Retrieval-Augmented Generation (RAG)

RAG is a specialised AI technique that enhances the performance and accuracy of language models by retrieving relevant context from connected knowledge sources before generating a response. Instead of relying entirely on pre-trained model knowledge, RAG dynamically pulls up-to-date, grounded information from documents, databases, or APIs—ensuring that responses are accurate, relevant, and actionable.

RAG blocks are most useful in high-context or high-precision environments, where relying solely on a model’s memory may lead to hallucinations or incorrect assumptions.

🔑 Key Concepts

RAG Modules are built around the idea of combining search-based retrieval with language generation. They allow LLMs to consult external knowledge in real-time, improving factual accuracy and contextual relevance.

RAG is particularly effective for:

Structured knowledge bases (e.g., PDF process manuals, FAQs, documentation)
Support automation
Enterprise Q&A
Decision-making systems
Document summarization

How RAG Works

Triggered Contextual Query: When a query is received, the RAG module retrieves supporting content from a connected knowledge source (e.g., PDF, Notion, Slack, HubSpot).
Retrieval Stack: The retrieval logic uses vector search (semantic similarity) and keyword-based search (e.g., BM25) to find relevant data.
Reranking: Retrieved items are optionally reranked for contextual relevance, ensuring the best content is prioritized.
Synthesis: The reranked results are passed into an LLM to synthesize a final response grounded in the retrieved material.

Standard Node Pipeline in RAG Blocks

RAG modules follow a consistent node-based structure within workflows:

Ingest Configuration – Initializes the module with access credentials and knowledge source metadata.
Retrieve Nodes – Finds documents or content relevant to the input query.
Rerank Nodes – Optimizes result ordering for contextual fit.
Synthesize Nodes – Uses LLM to generate a response or insight based on the retrieved content.

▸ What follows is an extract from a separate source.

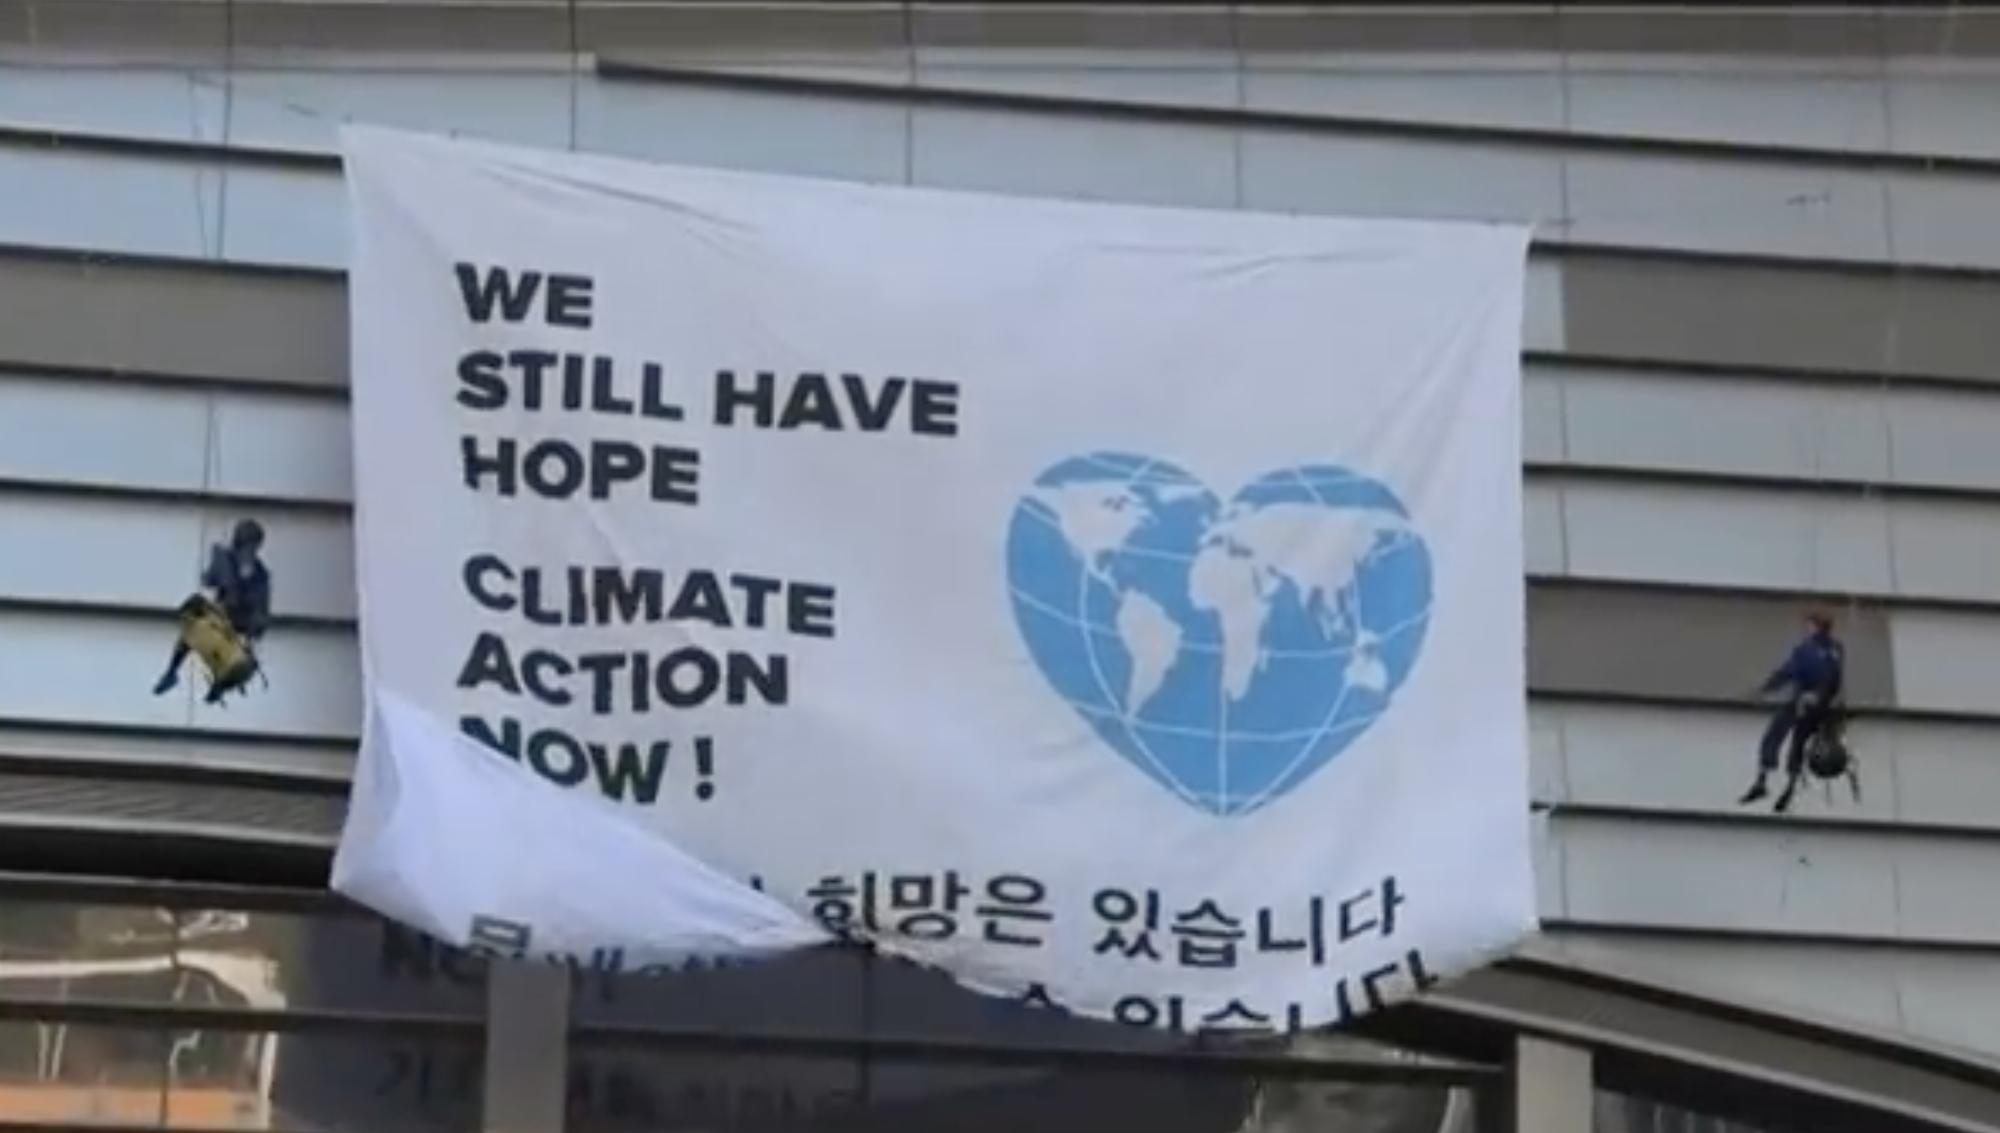 Costa Rica wäre gerne Austragungsort der Klimakonferenz 2019

RAG modules often work in combination with Data Connectors, especially when content is dynamic or sourced from tools like Slack, Notion, GitHub, or HubSpot.

Why Use RAG Modules

Reduce hallucination and improve model trustworthiness.
Maintain access to real-time or external information not stored within the model.
Enable context-aware conversations and intelligent decision support.
Ground outputs in auditable source material (e.g., PDF pages, Notion blocks, Slack messages).
Enhance retrieval precision with BM25, ColBERT, or vector embeddings.

⚙️ Configuration

Head to the block editor and drop a module from the RAG section (e.g., Knowledge Base, Notion, Slack, etc.).
Click on the block to configure its access credentials and knowledge source (e.g., file uploads, page IDs, tokens).

ℹ️ Each RAG module has a specific configuration pattern. Refer to individual block documentation for details.
Save the block.
View or modify the auto-generated workflow in the workflow editor.
Optionally, use bridges to connect RAG outputs to LLM blocks or analytics components.

For more on building and customizing workflows, see the Workflow Documentation.

🔍 Behind the Scenes: How RAG Operates

INTELLITHING’s RAG modules follow a well-structured, multi-step process designed for efficiency, modularity, and precision. Here’s a simplified view of the internal mechanics—represented.

Step 1: Ingest Configuration

# Load configuration (tokens, paths, database references, etc.)
config = load_config()

# Initialize vector index or document store if available
if storage.exists():
    index = load_vector_index_from_storage()
else:
    documents = load_documents_from_directory()
    index = create_index_from_documents(documents)
    persist_index(index)

Step 2: Retrieve Relevant Nodes

# Capture the user query
query = get_query_from_context_or_event()

# Create retriever
retriever = index.as_retriever(top_k=5)

# Retrieve documents/nodes relevant to the query
retrieved_nodes = retriever.retrieve(query)

Step 3: Rerank Results (Optional)

# Use LLM-based reranker to sort results by semantic and contextual relevance
reranker = LLMReranker(top_n=3)
reranked_nodes = reranker.rerank(retrieved_nodes, query)

Step 4: Synthesize Response

# Combine top reranked nodes into a coherent answer
synthesizer = CompactAndRefine()
response = synthesizer.summarize(query=query, nodes=reranked_nodes)

# Return the final response to the workflow
return response

What This Means for You

Storage-Backed Indexing: If data was indexed previously, it loads instantly—saving compute and time.
Retriever Logic: Uses semantic search (e.g., vector embeddings) to find relevant context.
Reranking Engine: Uses a small LLM internally to boost the relevance of the retrieved data.
Response Synthesizer: Carefully combines retrieved knowledge into a clear, user-ready output.

This modular design ensures that every RAG block in INTELLITHING is extensible, explainable, and robust—whether you're grounding answers in product docs, customer tickets, or process manuals.